_Exercise directions_
Your copy should contain exactly the lines from the one that holds "Garamond Premier Semibold" through the end of the material, reproduced as written, with no pictures.

*** Stored data Section Begins ***

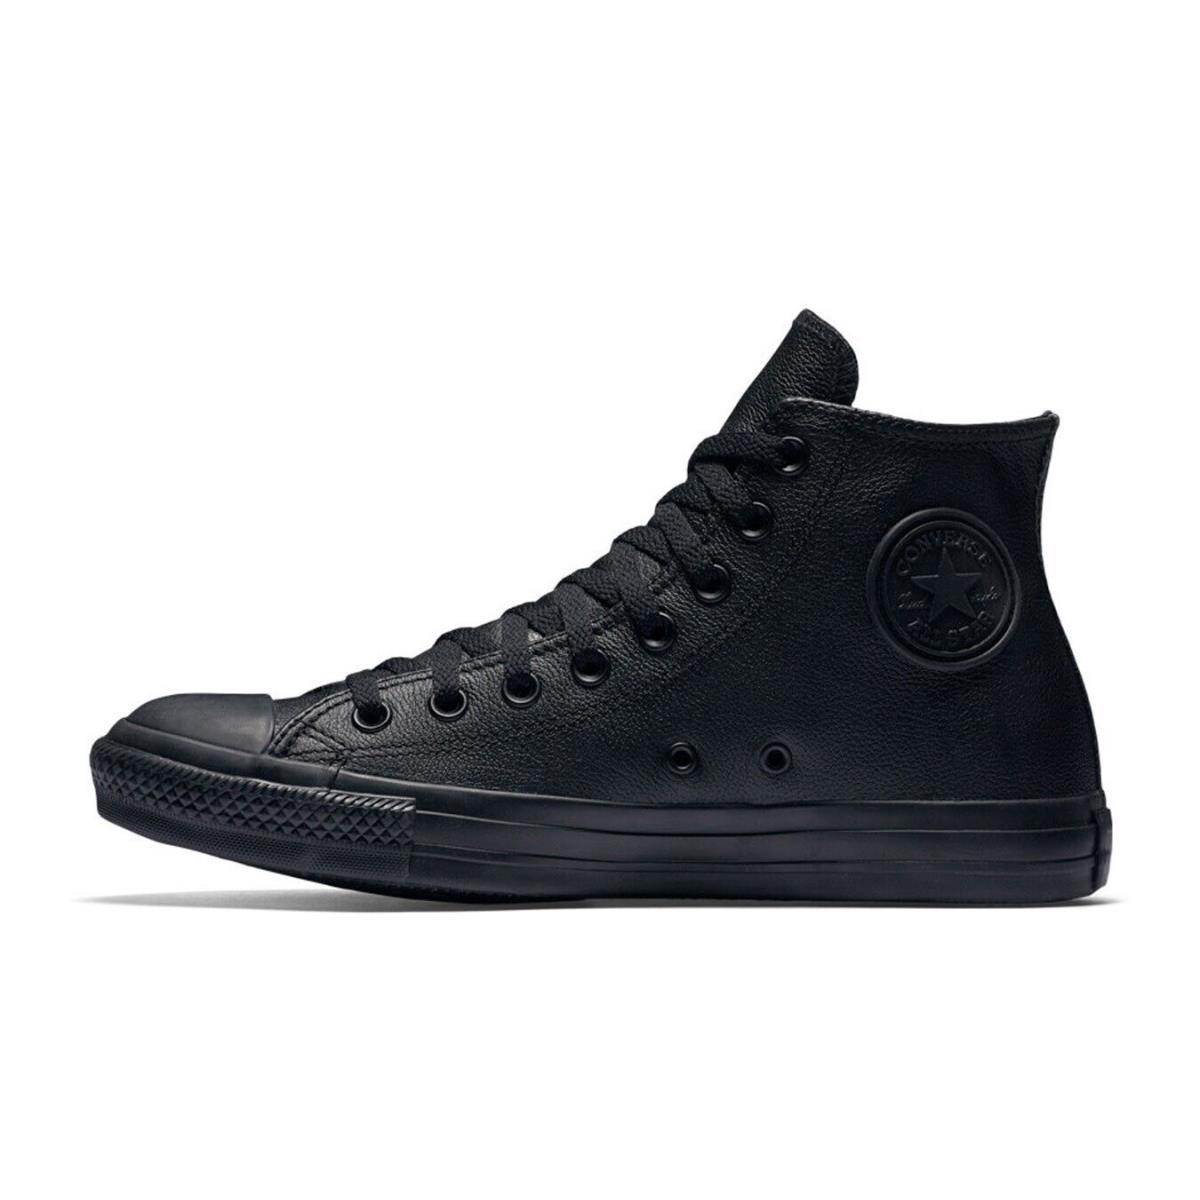 Converse Chuck Taylor All Star 135251C Unisex Black Mono Leather Shoes C157 - Black
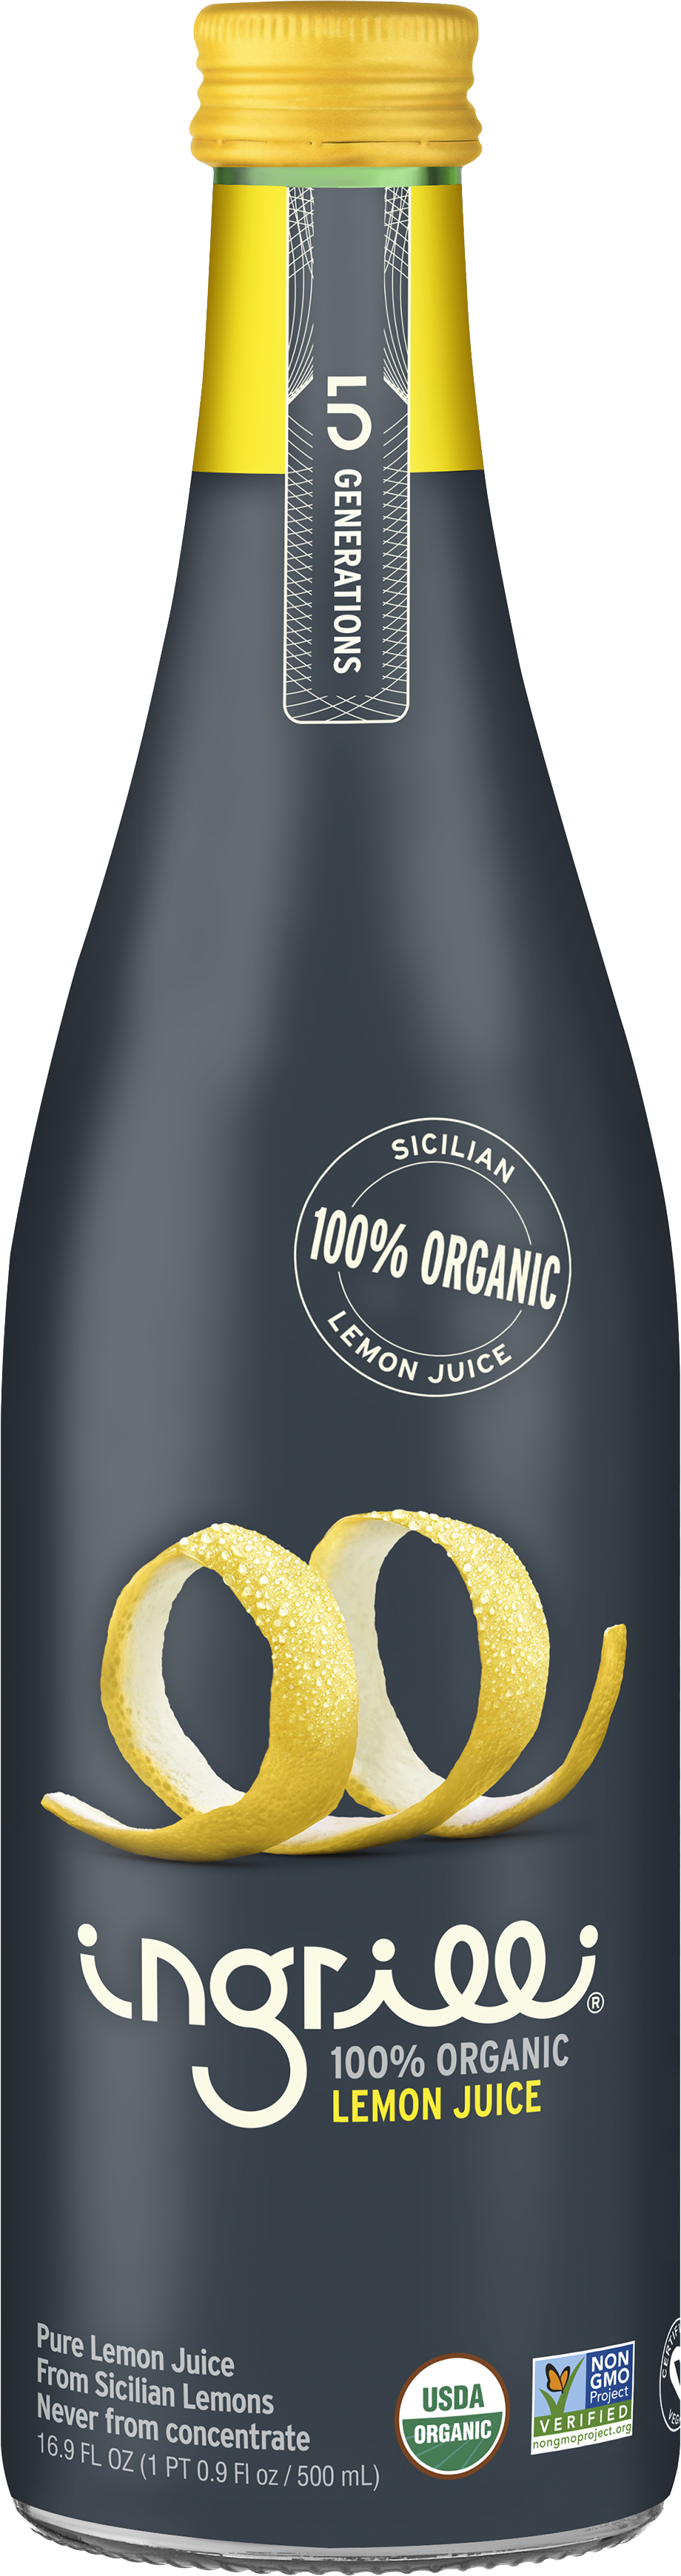 Ingrilli 100% Organic Lemon Juice, 16.9 Fl Oz Glass Bottle - Multi Pack
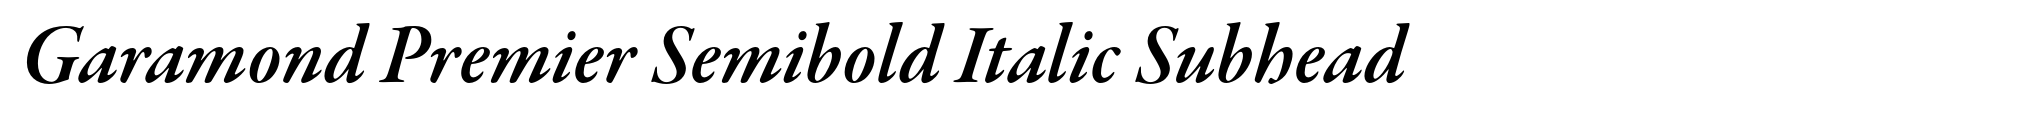 Garamond Premier Semibold Italic Subhead image
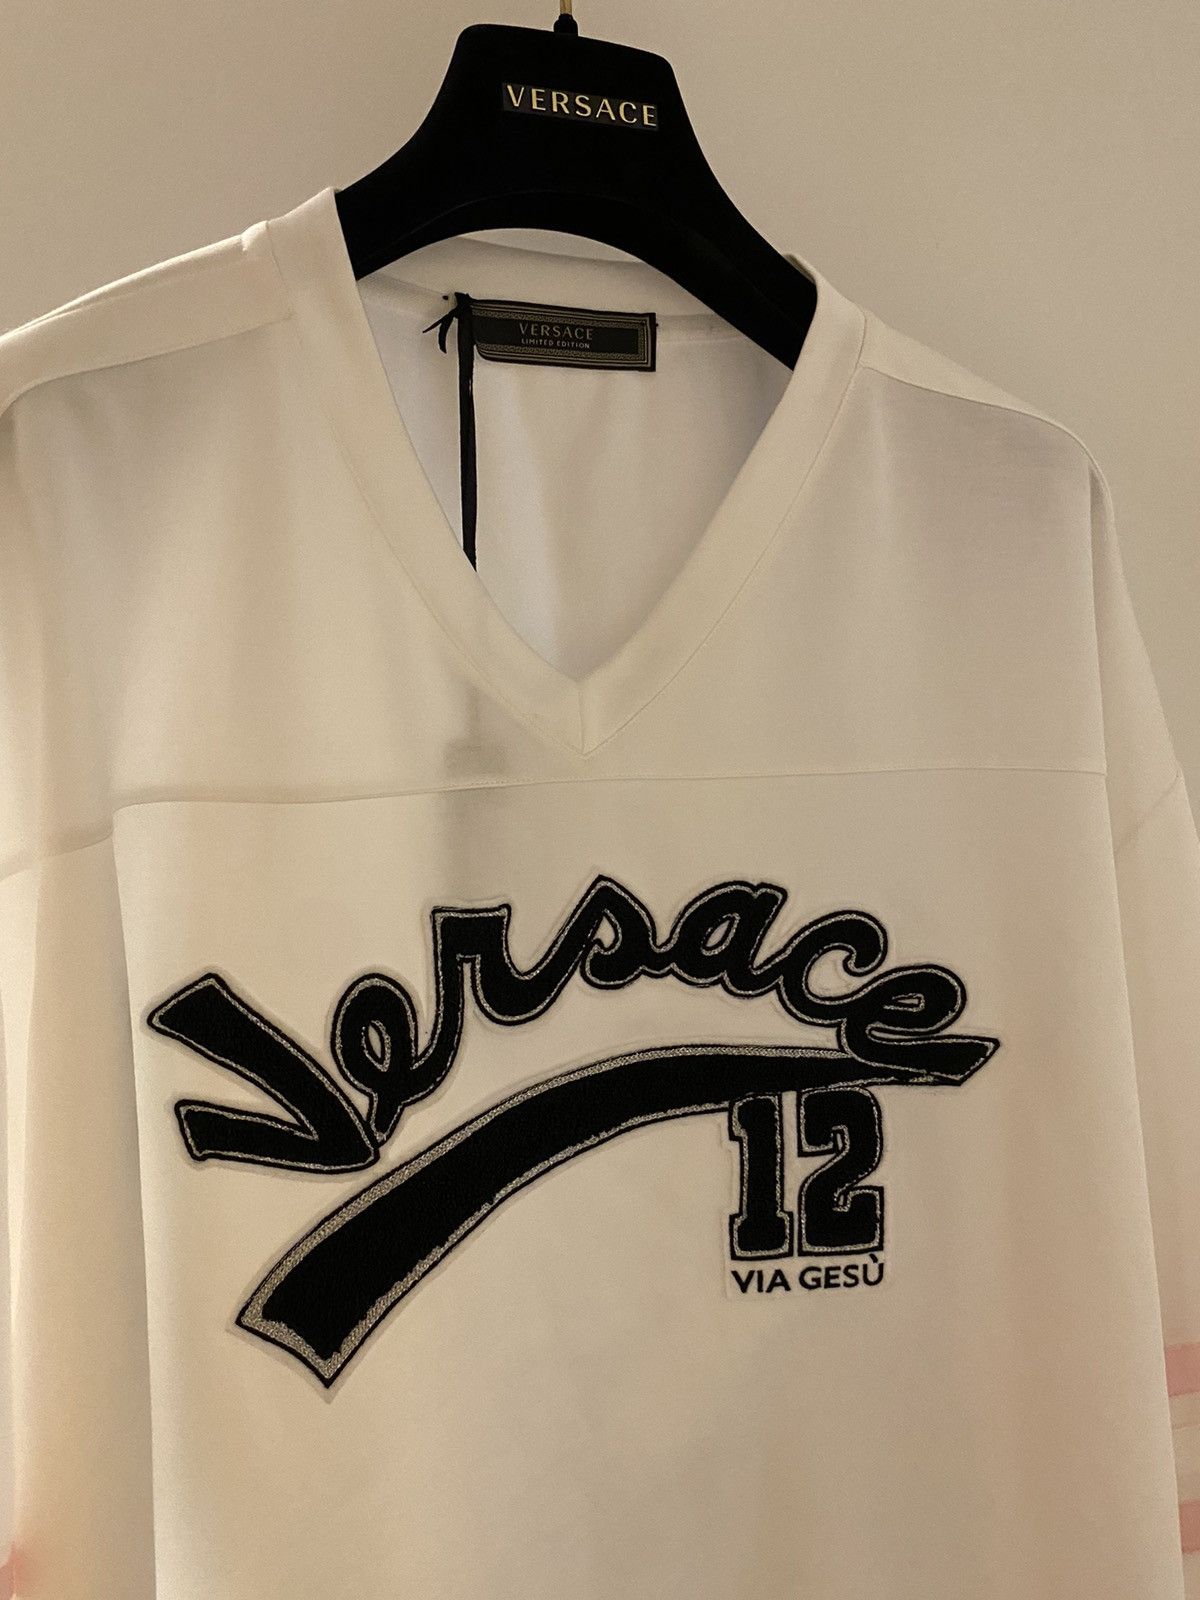 Versace Limited Edition Via Gesu Runway Jersey T-shirt $1,050 New Size US L / EU 52-54 / 3 - 15 Thumbnail

*** Stored data Section Ends ***

_Solution_
 Garamond Premier Semibold Italic Subhead image
 Versace Limited Edition Via Gesu Runway Jersey T-shirt $1,050 New Size US L / EU 52-54 / 3 - 15 Thumbnail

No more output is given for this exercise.